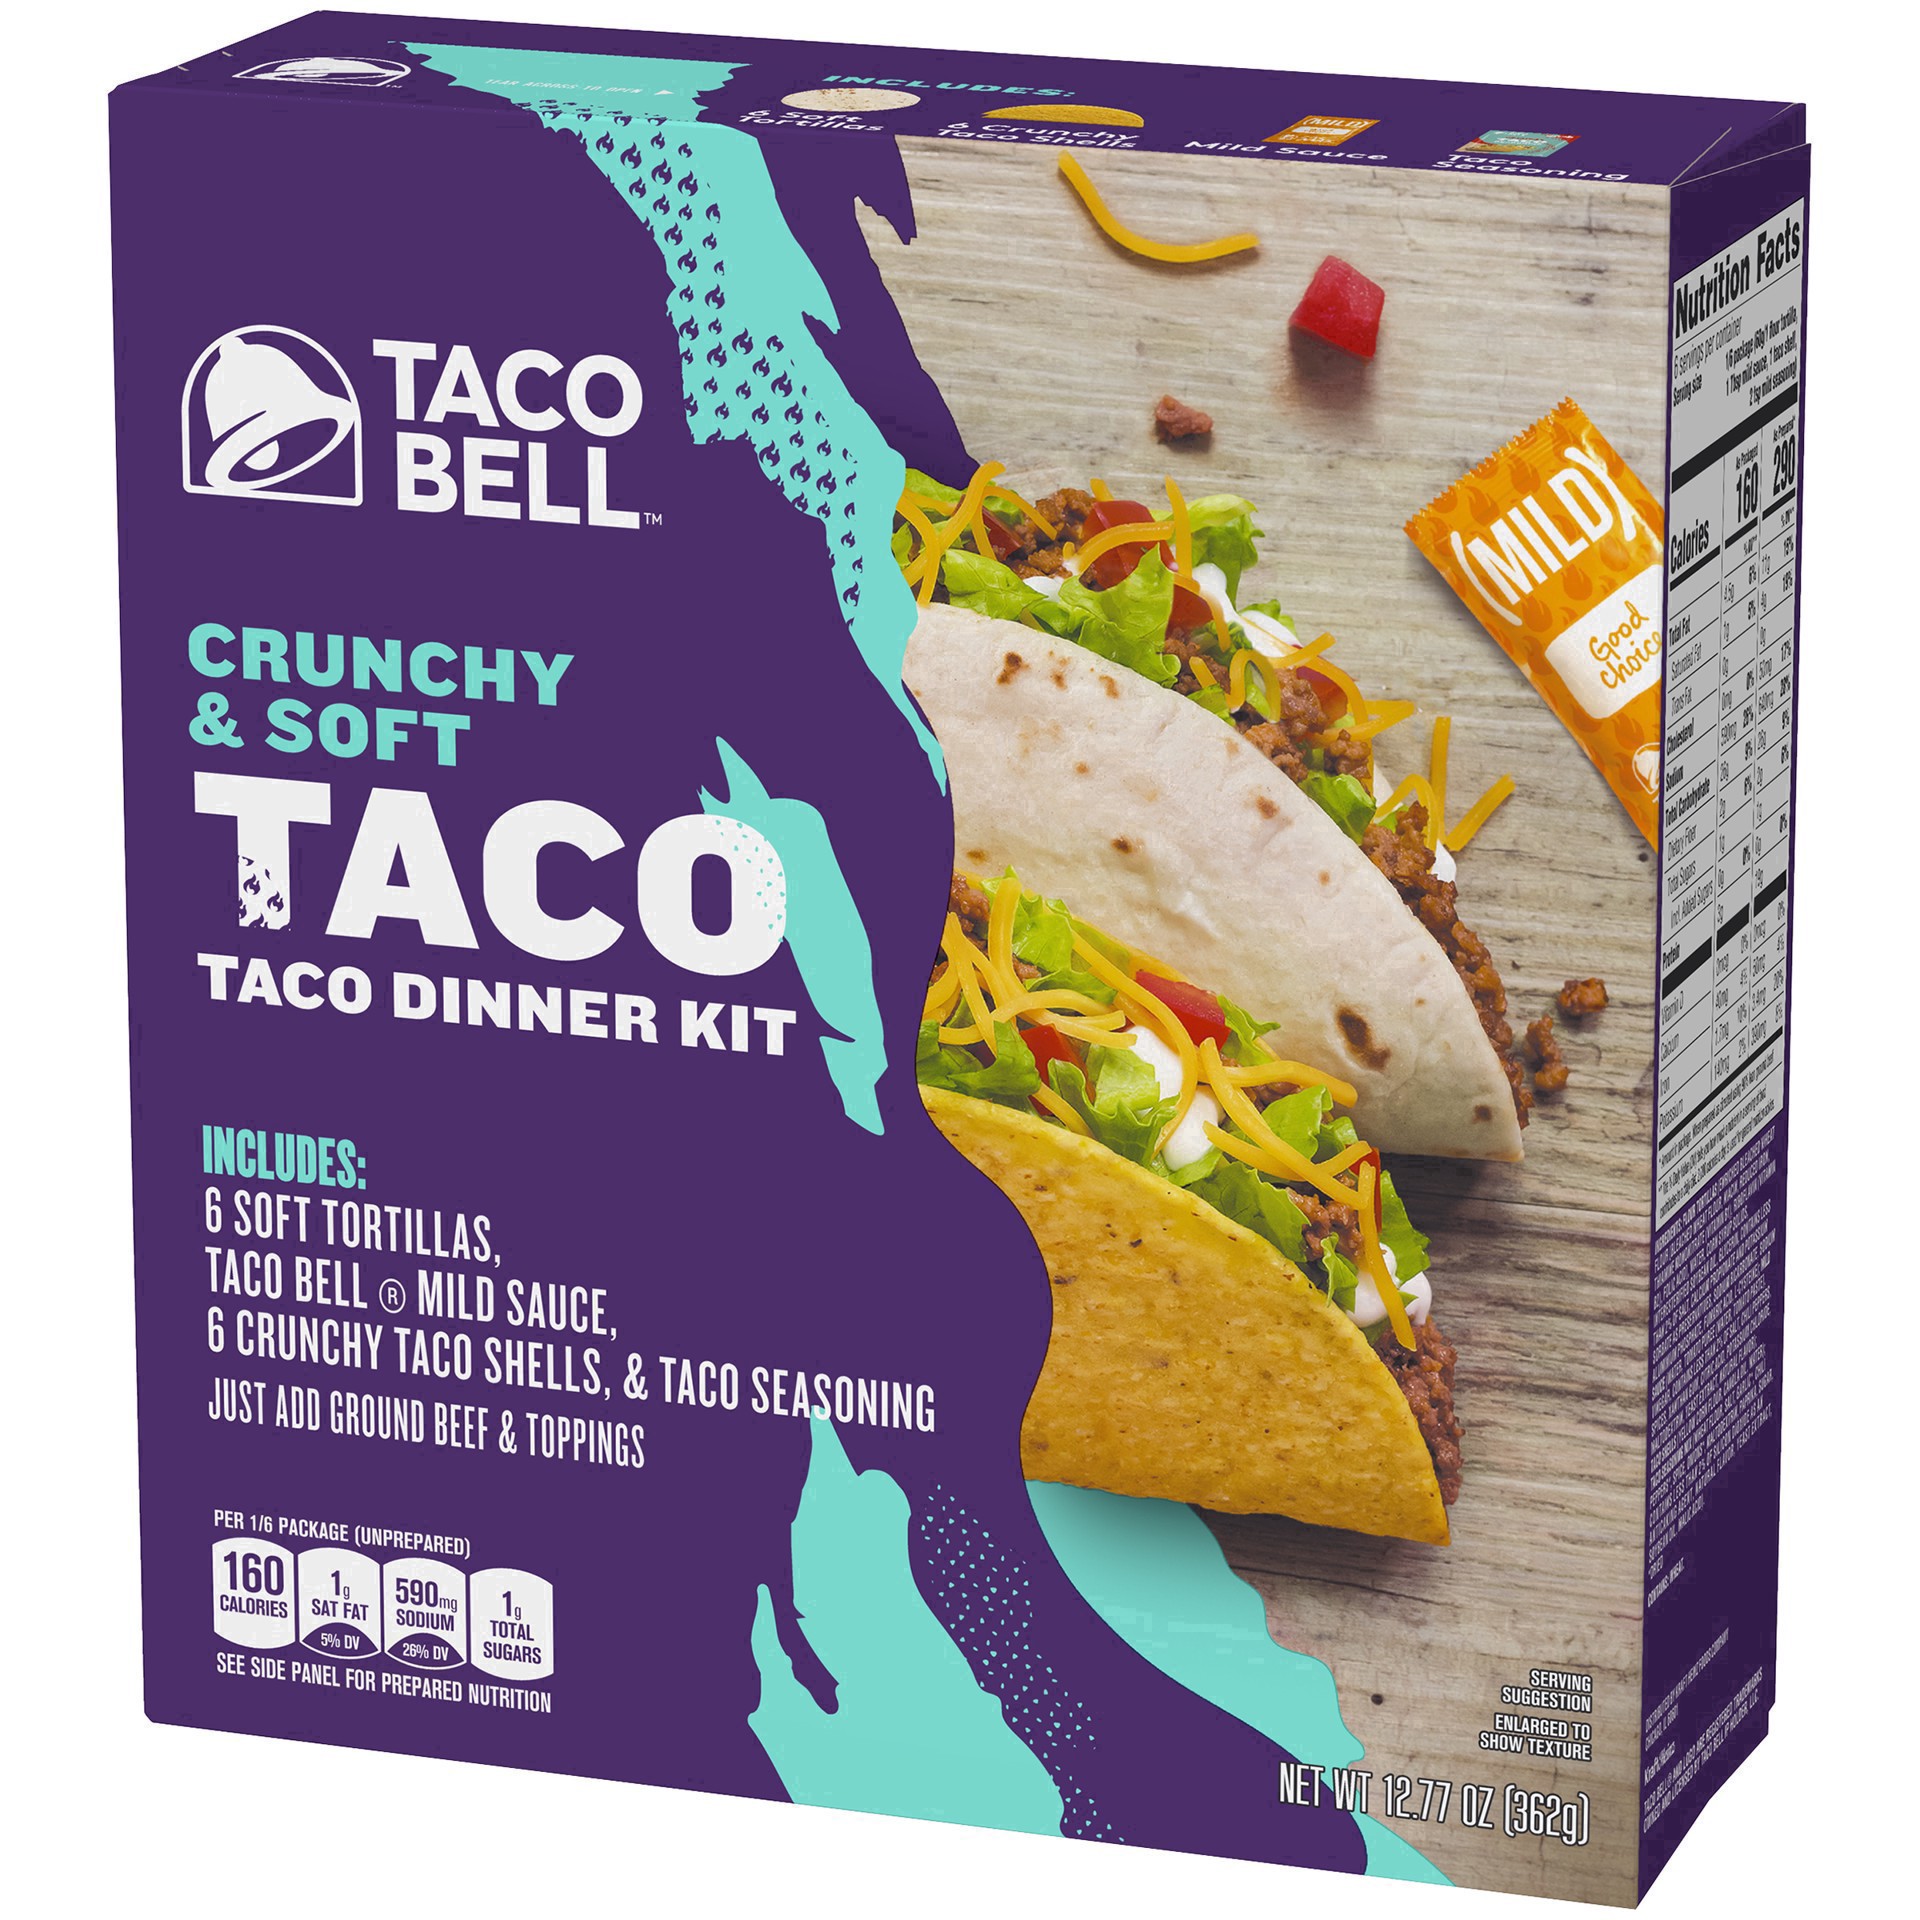 slide 26 of 101, Taco Bell Crunchy & Soft Taco Cravings Kit with 6 Soft Tortillas, 6 Crunchy Taco Shells, Taco Bell Mild Sauce & Seasoning, 12.77 oz Box, 1 ct
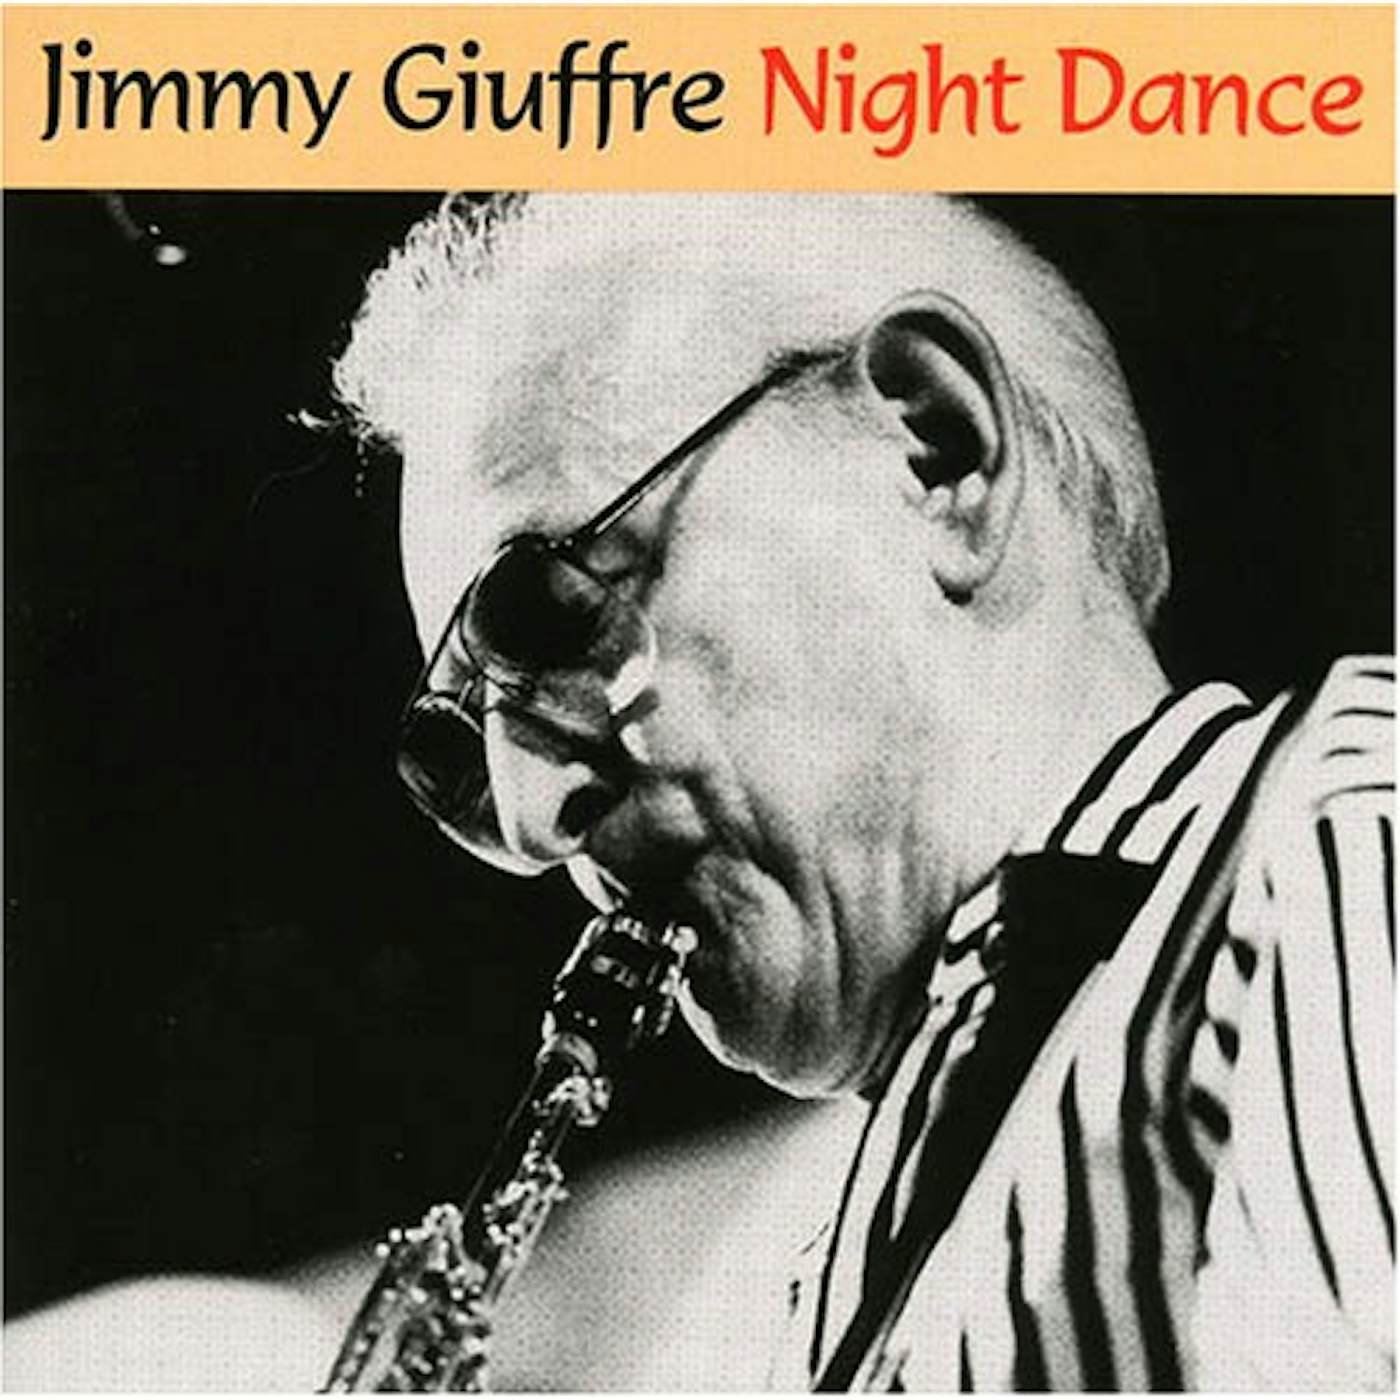 Jimmy Giuffre NIGHT DANCE CD
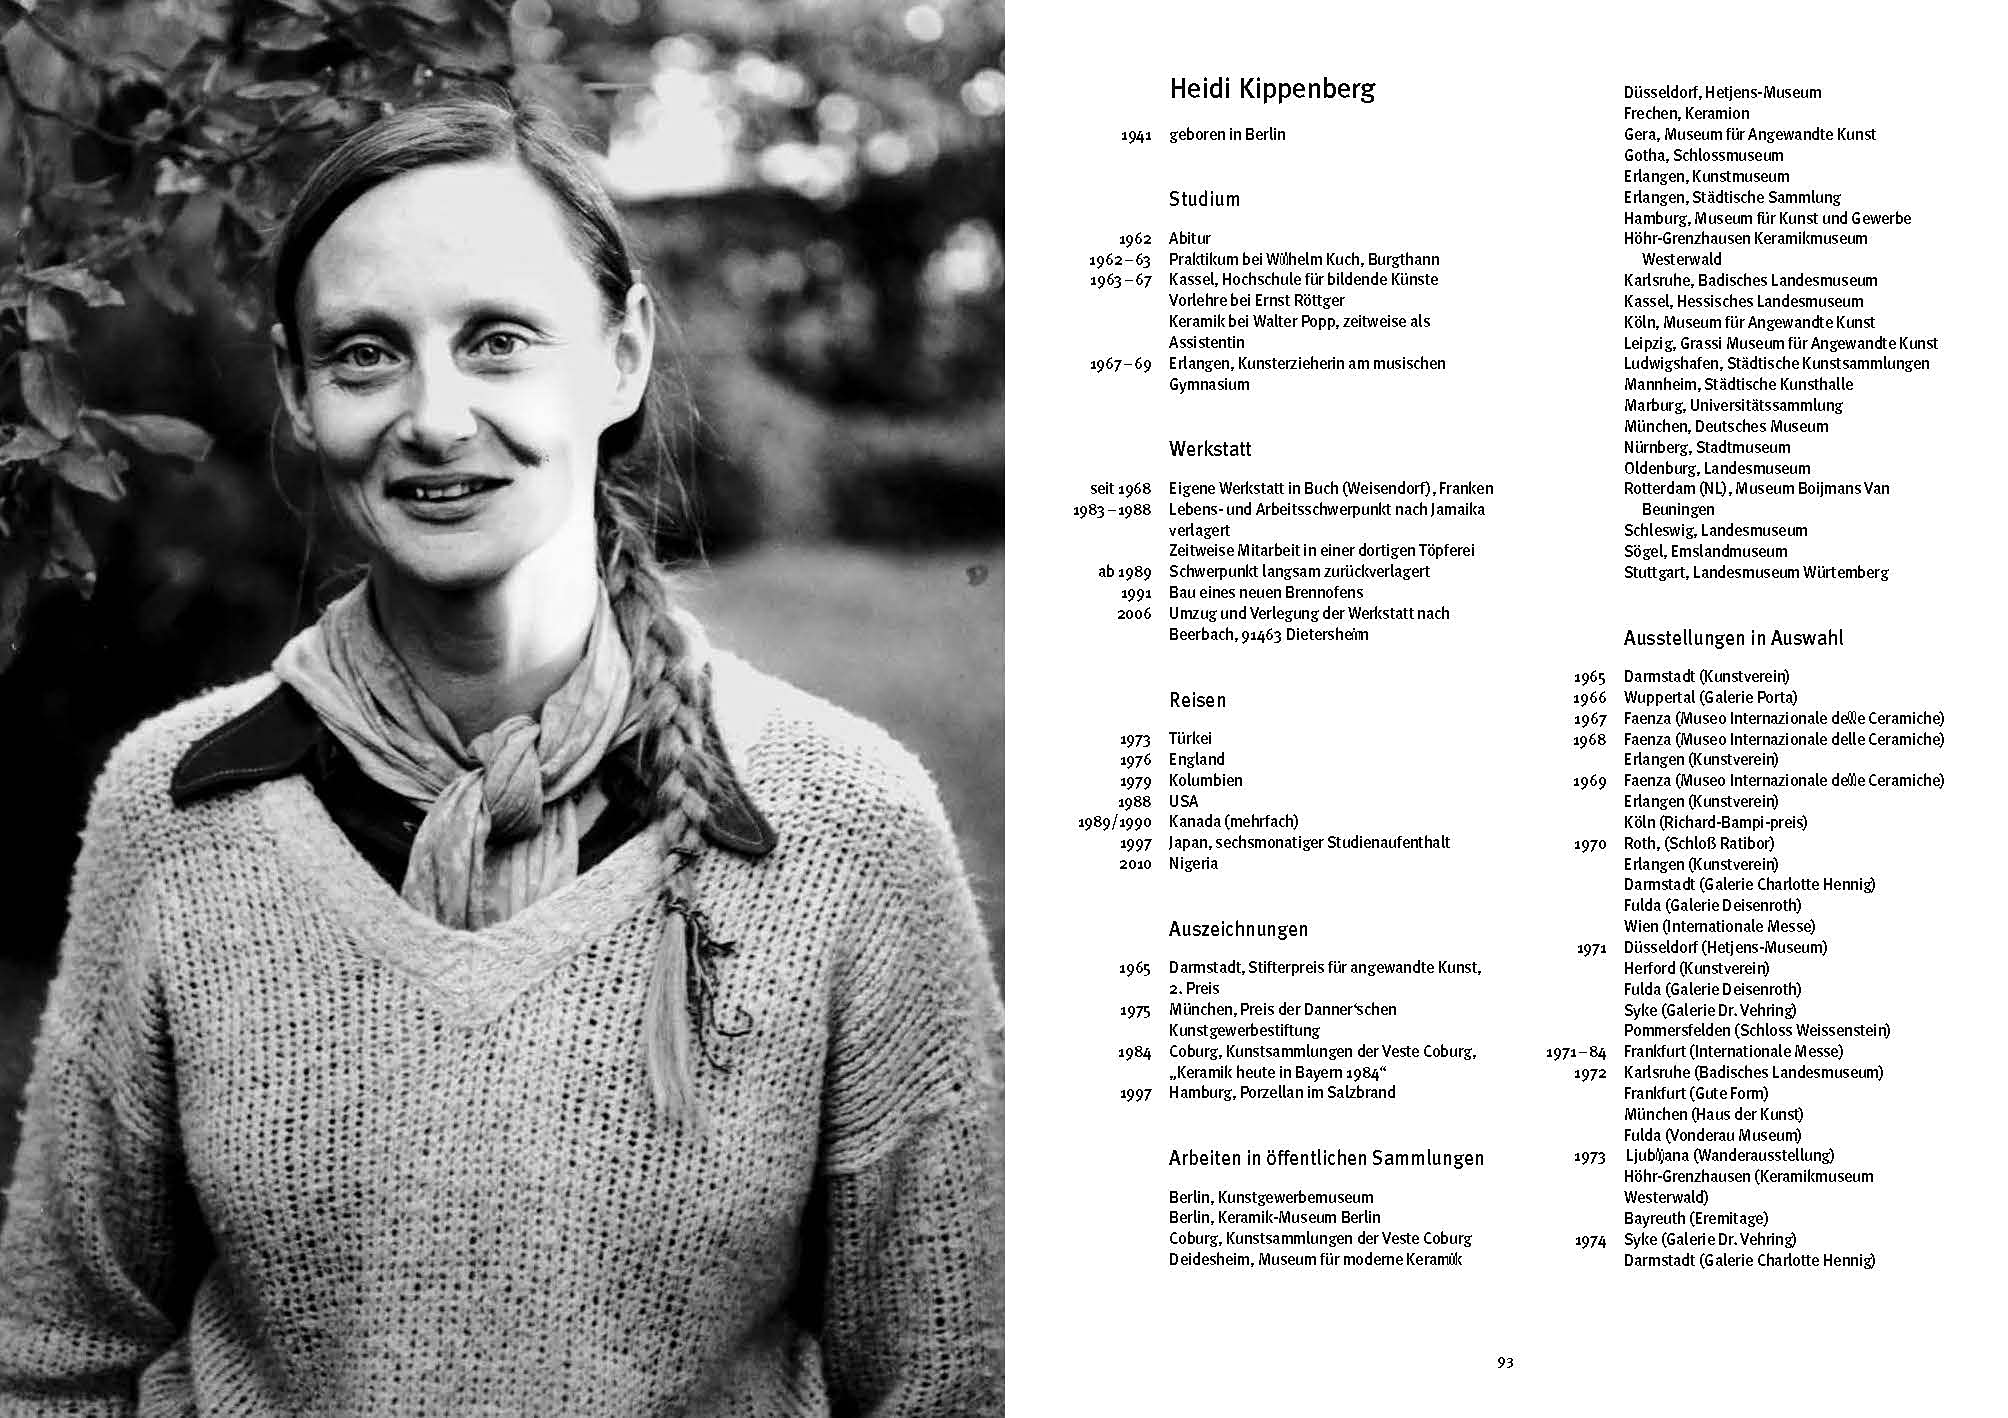 Heidi Kippenberg (German Edition)

---*---

→ **Exercise**
Skip the pictures; extract only the lines from the line with "Jimmy Giuffre NIGHT DANCE CD" through the final line of the material, exactly as they appear.

→ **Solution**
 Jimmy Giuffre NIGHT DANCE CD
 Heidi Kippenberg (German Edition)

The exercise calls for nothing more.